Ben Tsai

Mainly technology.

Dec 16, 2011

From Wordpress to Markdown

I'm considering moving my blogging activity to Calepin. Here are the steps I've taken so far to bring my content from wordpress into plaintext (markdown) files that Calepin can render.

Export Wordpress Content

  1. Tools->Export
  2. All content
  3. Download Export File

Now you have an XML file with all your content.
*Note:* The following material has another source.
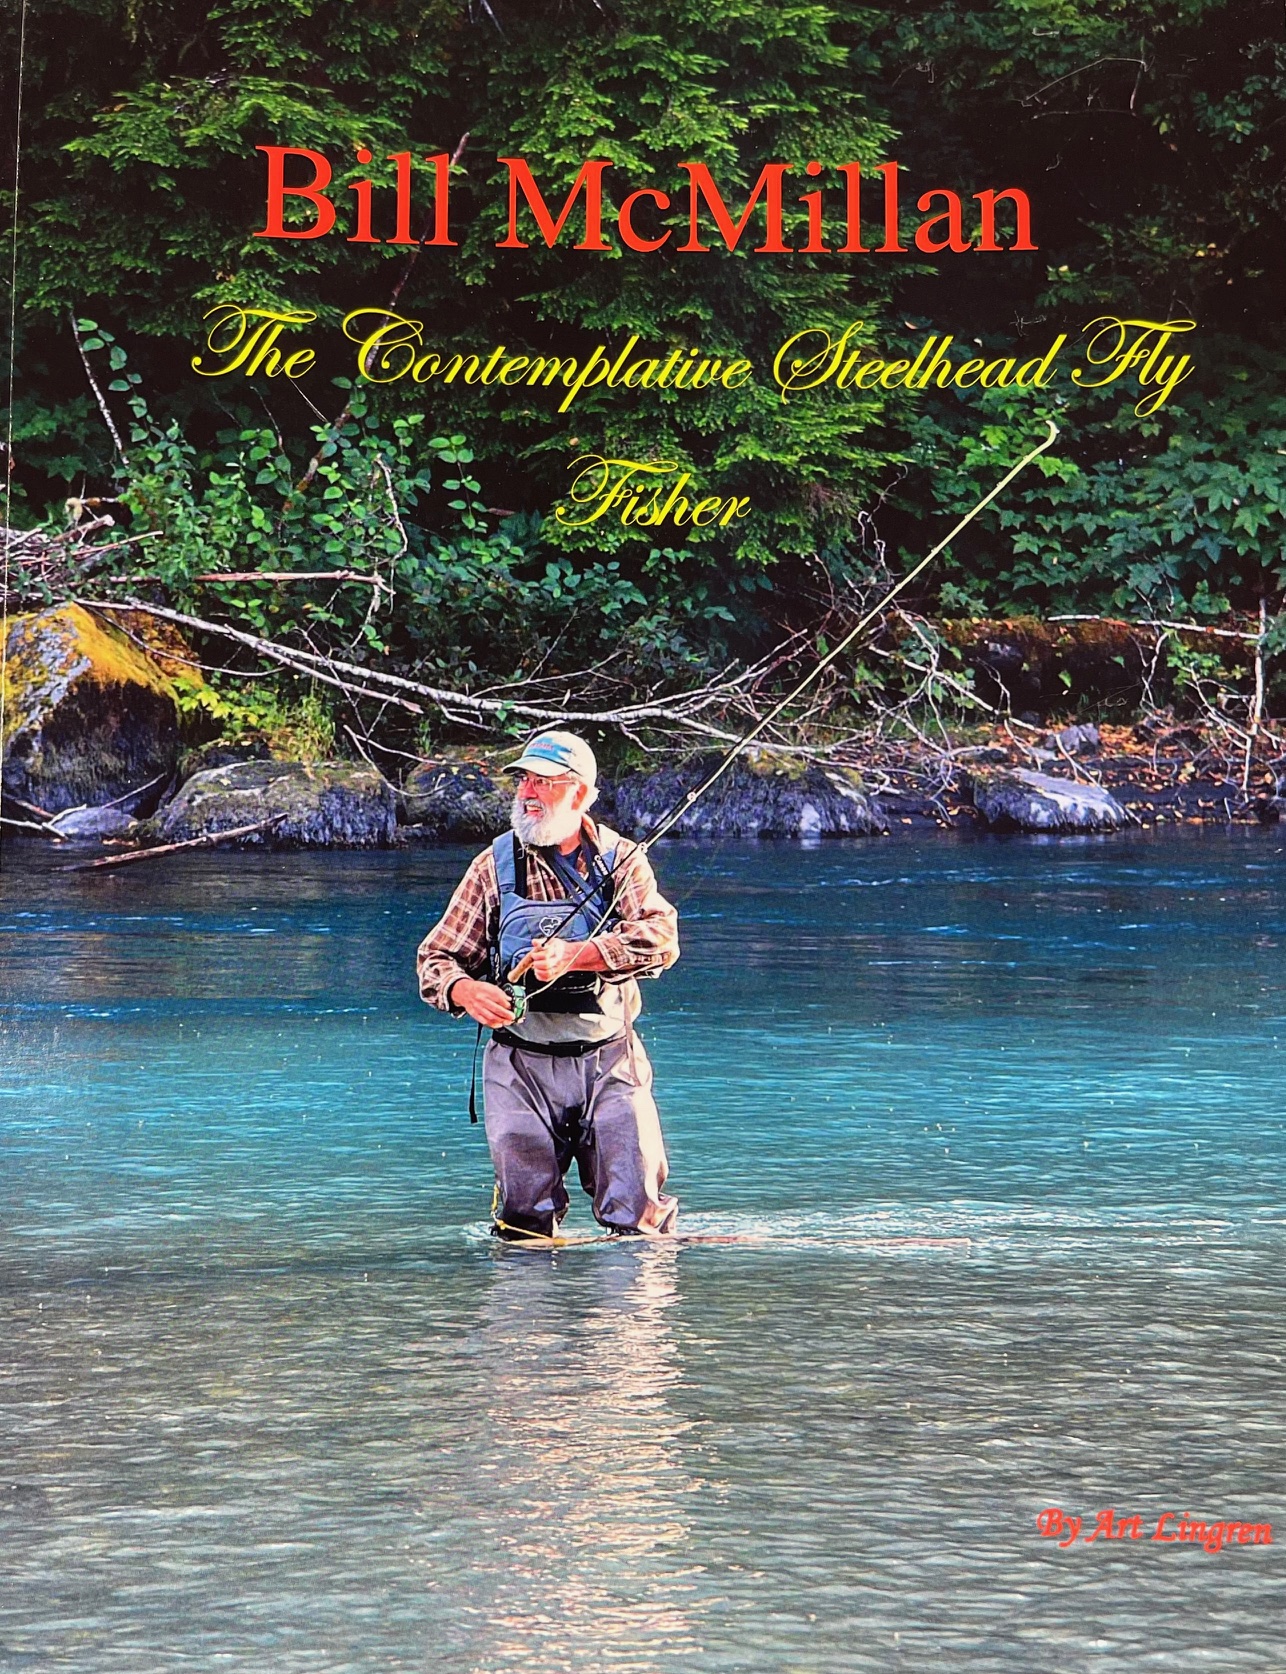 Bill McMillan - The Contemplative Steelhead Fly Fisher, By Art Lingren

Convert Wordpress to Markdown

ExitWP is designed to export markdown in a format that Jekyll understands. For example, it puts metadata into a YAML header:

---
author: bentsai
date: '2008-06-17 17:33:23'
layout: post
slug: collaborating-with-mercurial
status: publish
title: Collaborating with Mercurial
wordpress_id: '26'
categories:
- technology
tags:
- collaboration
- hg
- mercurial
---

The first time I ran ExitWP, I got a parse error. I deleted the offending line and got another parse error. I deleted that line, and the export was successful. It generated a directory full of .markdown files, with the date and slug for the filename (2008-06-17-collaborating-with-mercurial.markdown).

Remaining steps

  • Edit exitwp.py to output the metadata in the Calepin format.
  • Rerun the script.
  • Manually edit any anomalies from the export.
  • Copy images from wordpress to a public Dropbox folder.
  • Re-link the images.
  • Export comments

References